CO-027

F. Castinettia (Pr), R. Fourneauxb (Dr), R. Reynaudc (Pr), S. Castetsc (Dr), P. Bretonesd (Dr), B. Dauriate (Dr), T. Edouardf (Pr), G. Raverotg (Pr), A. Barlierh (Pr), T. Brueb (Pr), F. Castinetti*b (Pr), A. Saveanuh (Dr)

a Aix Marseille Universite - Assistance Publique Hopitaux de Marseille, Marseille, FRANCE ; b Aix Marseille Universite - Assistance Publique Hopitaux de Marseille - Endocrinologie, Marseille, FRANCE ; c Aix Marseille Universite - Assistance Publique Hopitaux de Marseille - Endocrinologie pédiatrique, Marseille, FRANCE ; d Endocrinologie pédiatrique - CHU Lyon, Lyon, FRANCE ; e Genetique médicale - CHU de Limoges, Limoges, FRANCE ; f Unité d’Endocrinologie, Maladies Osseuses et Génétique, Toulouse, FRANCE ; g Endocrinologie - CHU Lyon, Lyon, FRANCE ; h Aix Marseille Universite - Assistance Publique Hopitaux de Marseille - Biologie moléculaire, Marseille, FRANCE

* frederic.castinetti@ap-hm.fr

Objectif : Le déficit constitutionnel en TSH (TSHD) peut être isolé, secondaire à des anomalies de gènes impliqués dans la biosynthèse de la TSH, ou associée à d'autres déficits hypophysaires du fait de mutations de gènes impliqués dans l'ontogenèse hypophysaire. Notre objectif était de déterminer les causes génétiques de TSHD isolé (ITSHD), ou associé à un déficit somatotrope (TSHDGHD) dans la cohorte de patients du réseau GENHYPOPIT.

Patients et méthodes : Analyse par NGS d’une cohorte de patients présentant un ITSHD ou un TSHDGHD non syndromique. Les variants ont été classés selon la classification ACMG revue par le réseau NGS-Diag et corrélés avec le phénotype. Les variants nucléotidiques simples (SNV) de classe 3, 4 et 5 ont été vérifiés par séquençage Sanger.

Résultats : 64 cas index (22 ITSHD et 42 TSHDGHD) ont été inclus dans cette cohorte. Une cause génétique a été identifiée chez 26,5% des patients, dont 36,3% dans le groupe ITSHD (variants dans TSHβ et IGSF1) et 21,4% dans TSHDGHD (variants dans IGSF1, TSHβ, TRHR, GH1, POU1F1, PROP1). 42% des variants identifiés concernaient IGSF1, parfois avec des phénotypes atypiques. Six de ces variants n’avaient jamais été rapportés.

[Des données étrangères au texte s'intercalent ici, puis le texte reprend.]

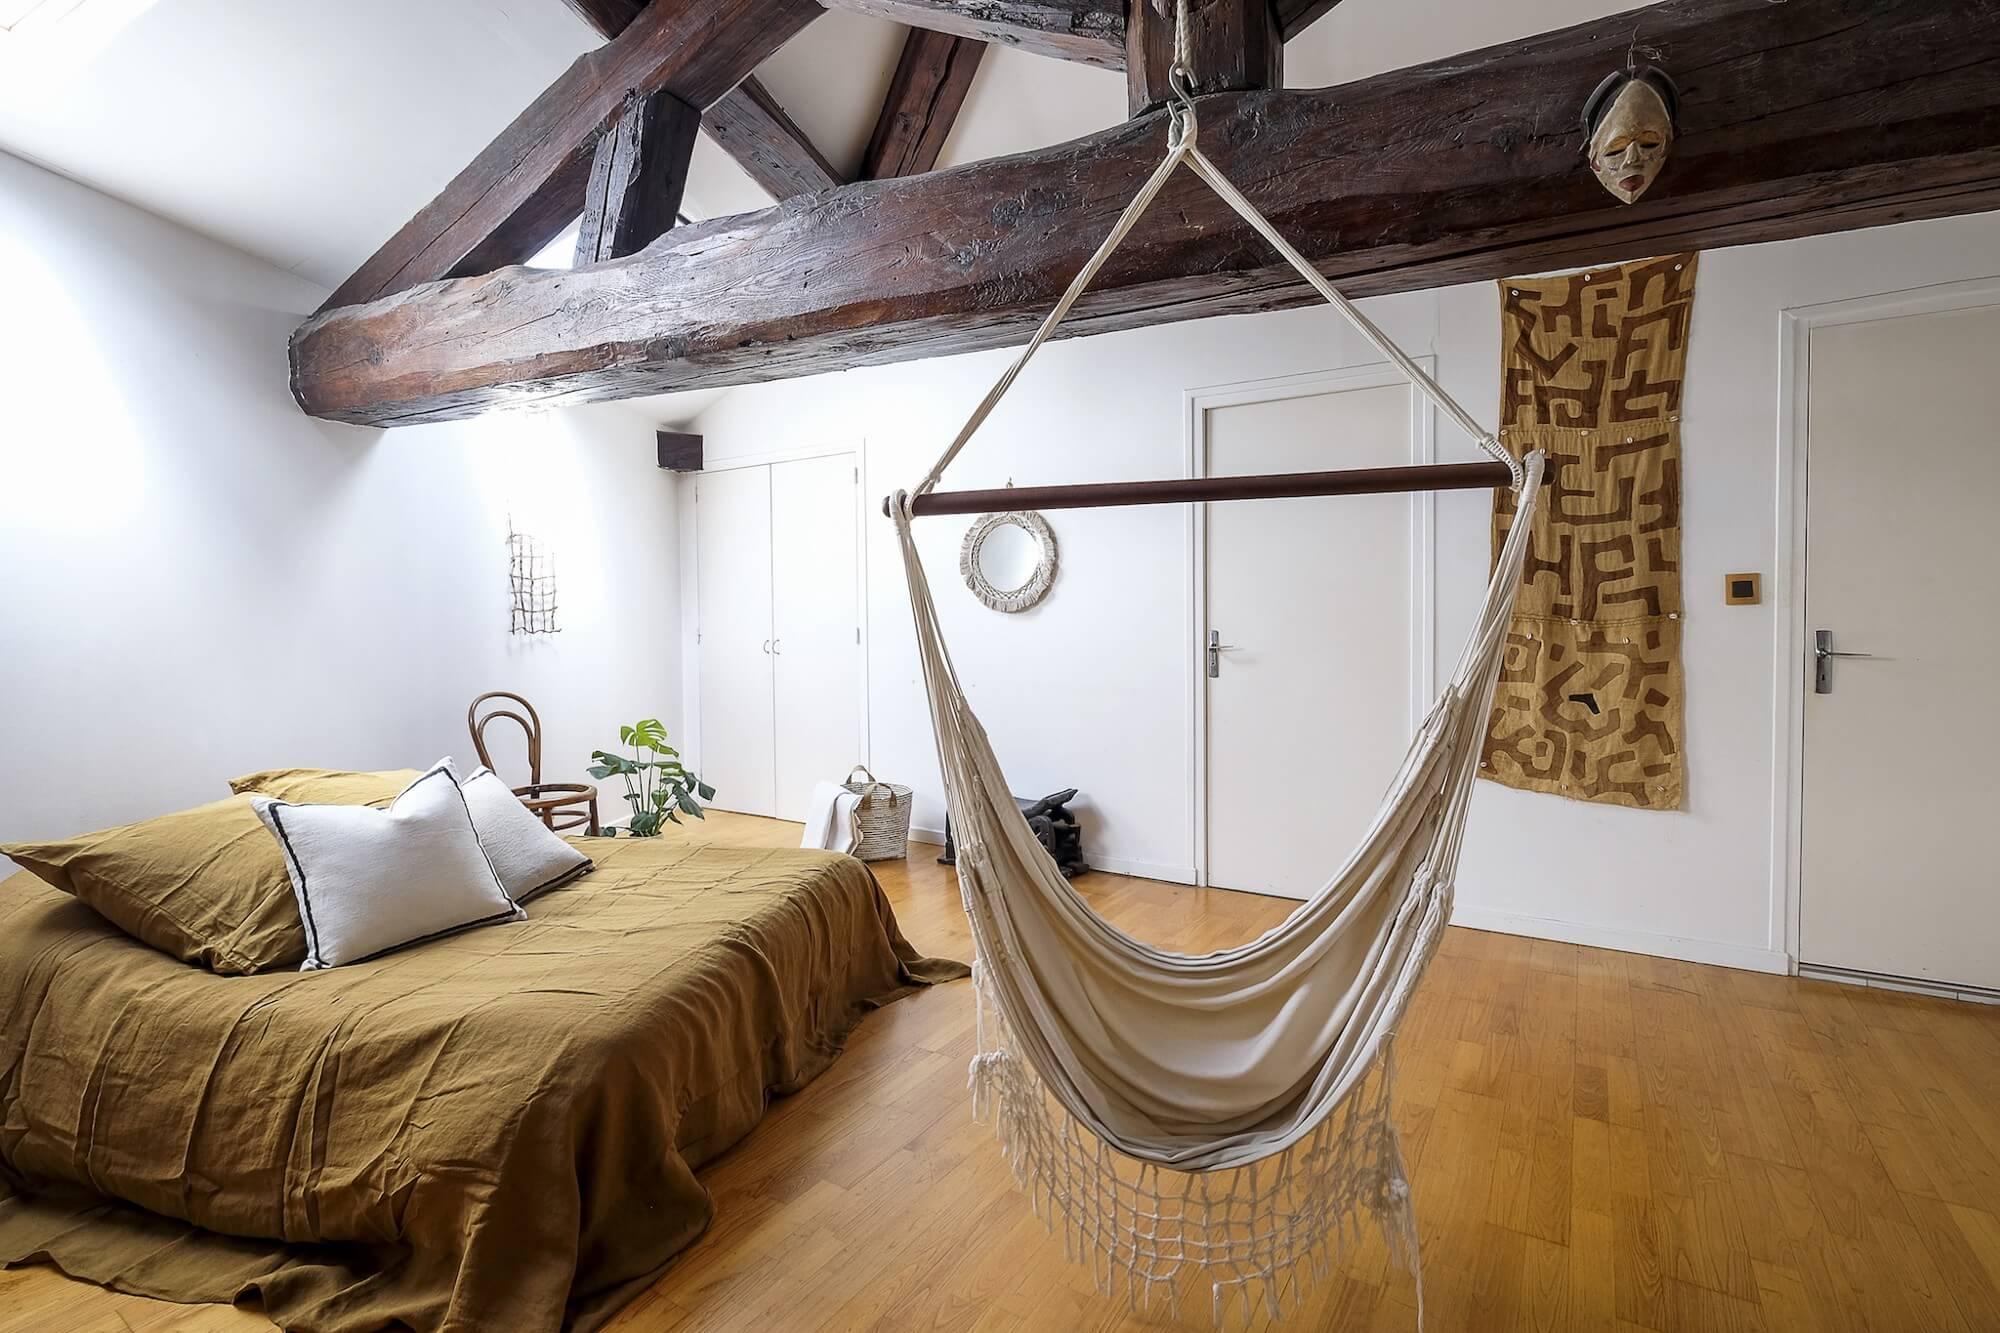 Appartement en vente—   Wood  , Parure de lit  Baralinge  & Coussins + panière  Marie Canzano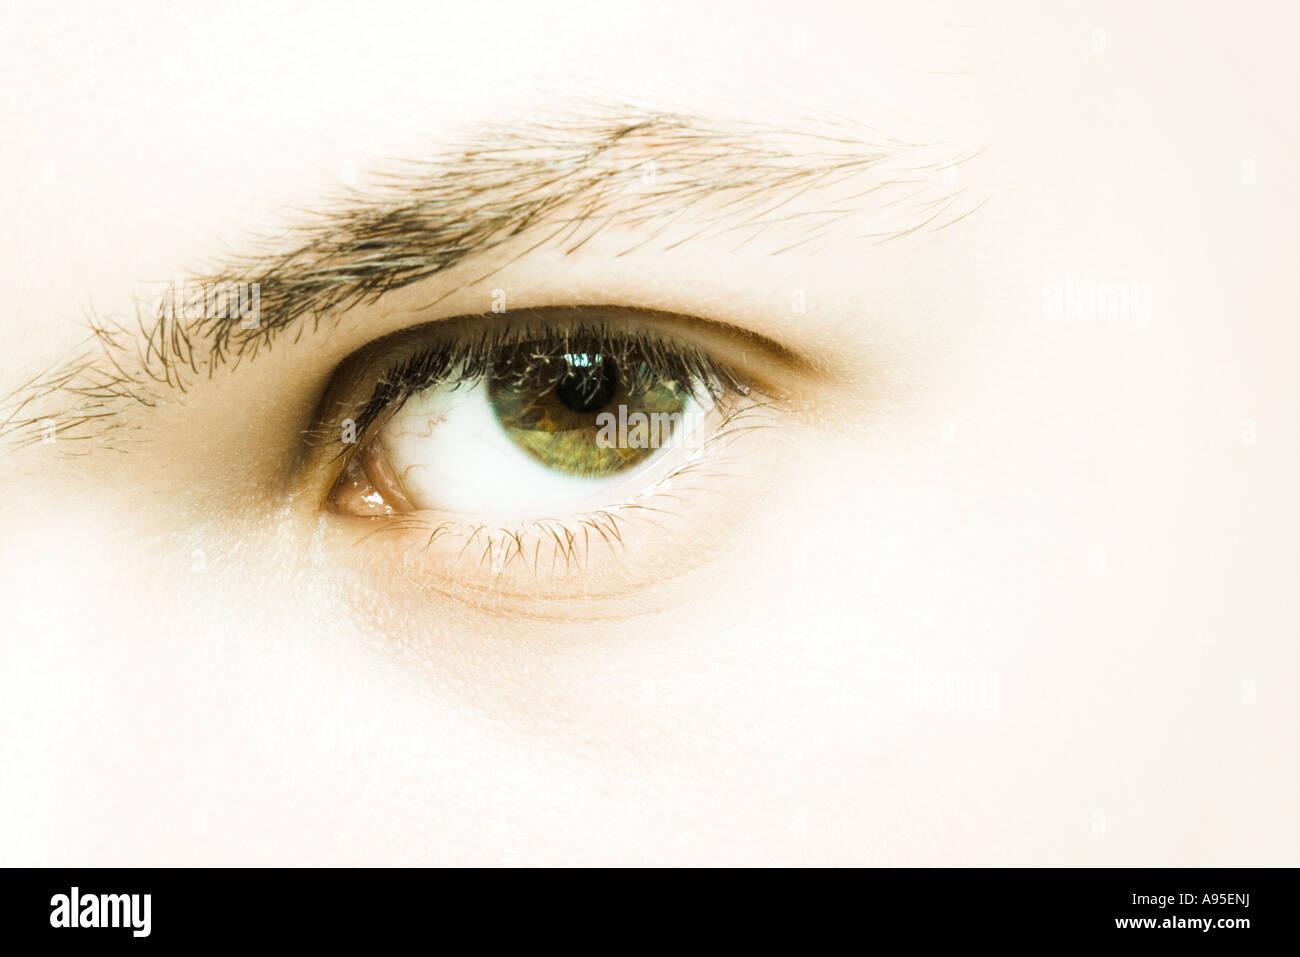 Male eye, extreme close-up - Stock Image

Conclusion : Les variants d’IGSF1 représentent la première étiologie génétique identifiée de TSHD. Malgré une approche NGS systématique et l'identification de nouveaux variants, la plupart des patients restent sans diagnostic moléculaire. Des études de type whole genome seront prochainement réalisées sur ce groupe de patients de phénotype homogène pour identifier de nouveaux acteurs du développement hypophysaire.  

L’auteur n’a pas transmis de déclaration de conflit d’intérêt.